Diplomasinin nabzı Antalya’da atıyor! Türkiye-ABD ve Suriye’de üçlü zirve: Ana gündem terörle mücadele


Dışişleri Bakanı Hakan Fidan, NATO ittifakının en büyük ikinci ordusuna sahip Türkiye’nin, askeri yetenekleri ve savunma sanayi altyapısıyla Avrupa güvenlik mimarisinde son derece önemli rol oynamaya devam edeceğini bildirdi.
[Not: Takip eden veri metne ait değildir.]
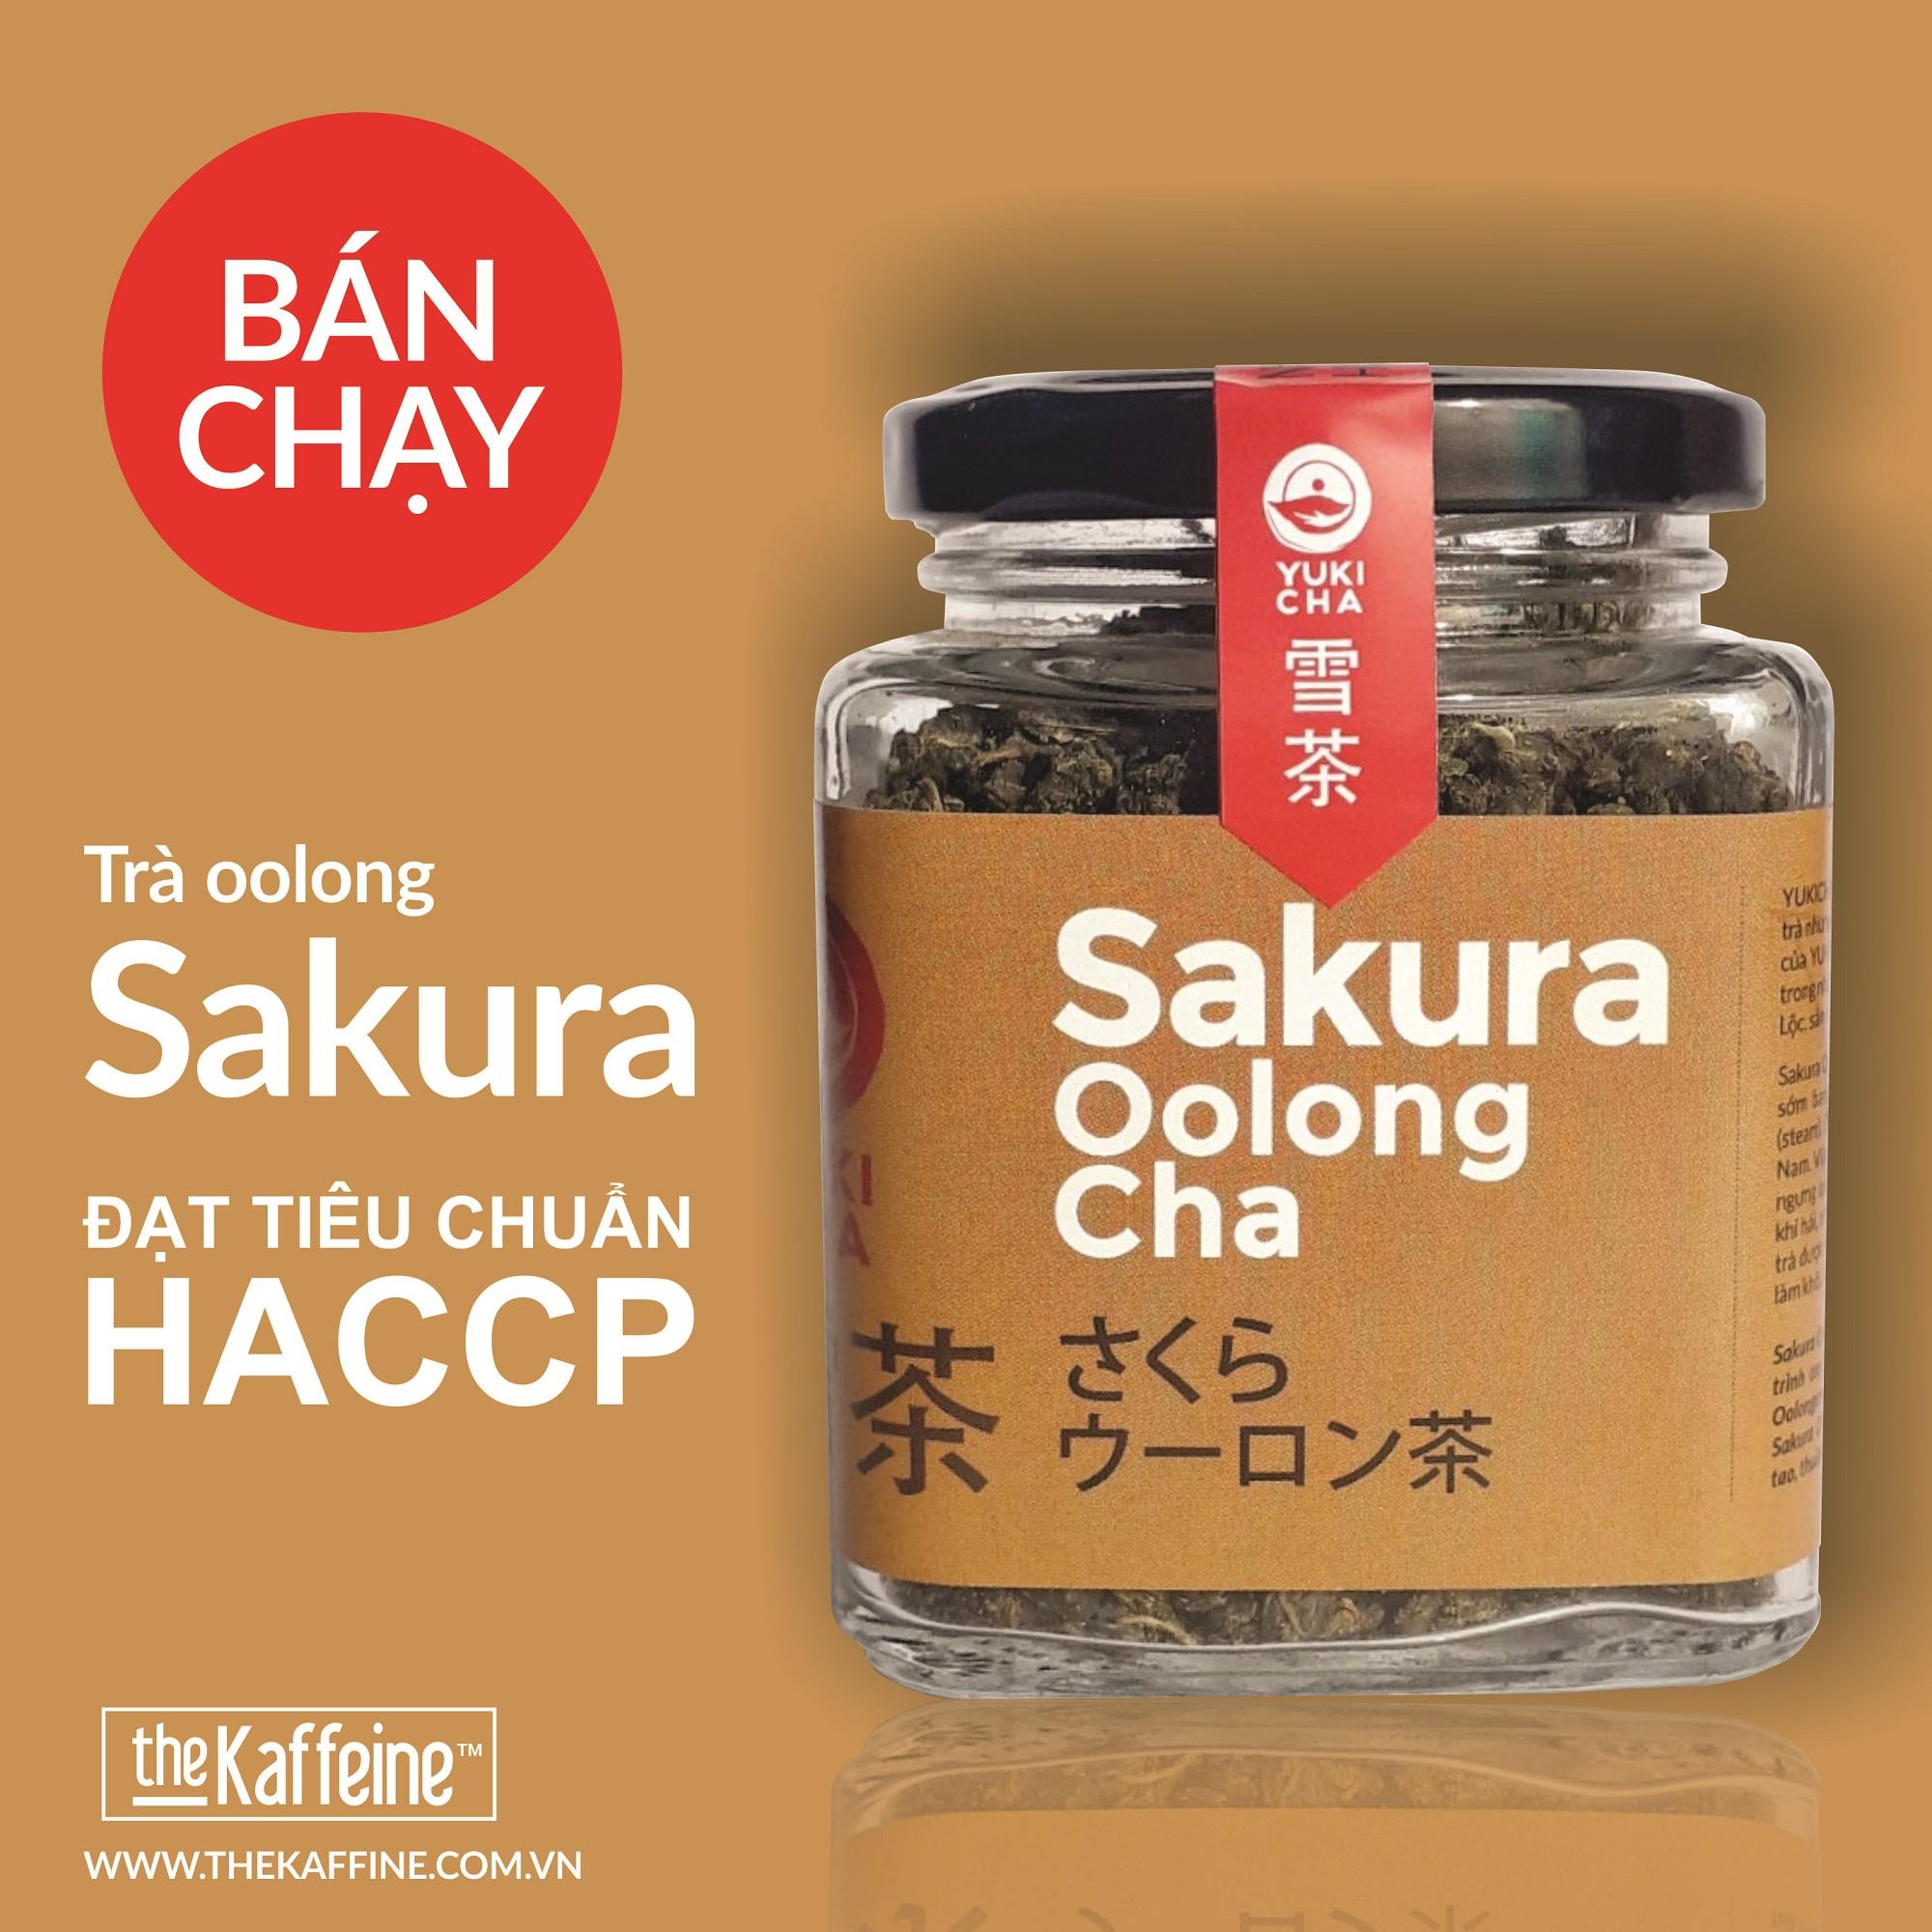 Trà Olong Sakura Thượng Hạng 100gram - Trà Oolong của The Kaffeine Coffee

Fidan, Antalya’daki NEST Kongre Merkezi’nde düzenlenen NATO Gayriresmi Dışişleri Bakanları Toplantısı’nın ardından basın toplantısı düzenledi.
Antalya’daki görüşmelerin NATO’nun Avrupa-Atlantik güvenlik mimarisindeki başat rolünü de teyit ettiğini dile getiren Fidan, Avrupa’nın güvenliğinin NATO’dan ayrı düşünülemeyeceğini belirtti.
Bakan Fidan, “NATO ittifakının en büyük ikinci ordusuna sahip olan Türkiye, askeri yetenekleri ve savunma sanayi altyapısıyla Avrupa güvenlik mimarisinde son derece önemli bir rol oynamaya devam edecektir” ifadesini kullanarak, bu mimarinin mevcut şartlar ışığında yeniden şekillendiğini söyledi.
“Böylesi bir dönemde beklentimiz, güvenlik alanındaki tüm adımların gereksiz tekrara, ayrışmaya ve NATO’dan kopuşa izin verilmeden atılmasıdır” diyen Fidan, bu hususları toplantılar ve ikili görüşmelerde gündeme getirdiklerini kaydetti.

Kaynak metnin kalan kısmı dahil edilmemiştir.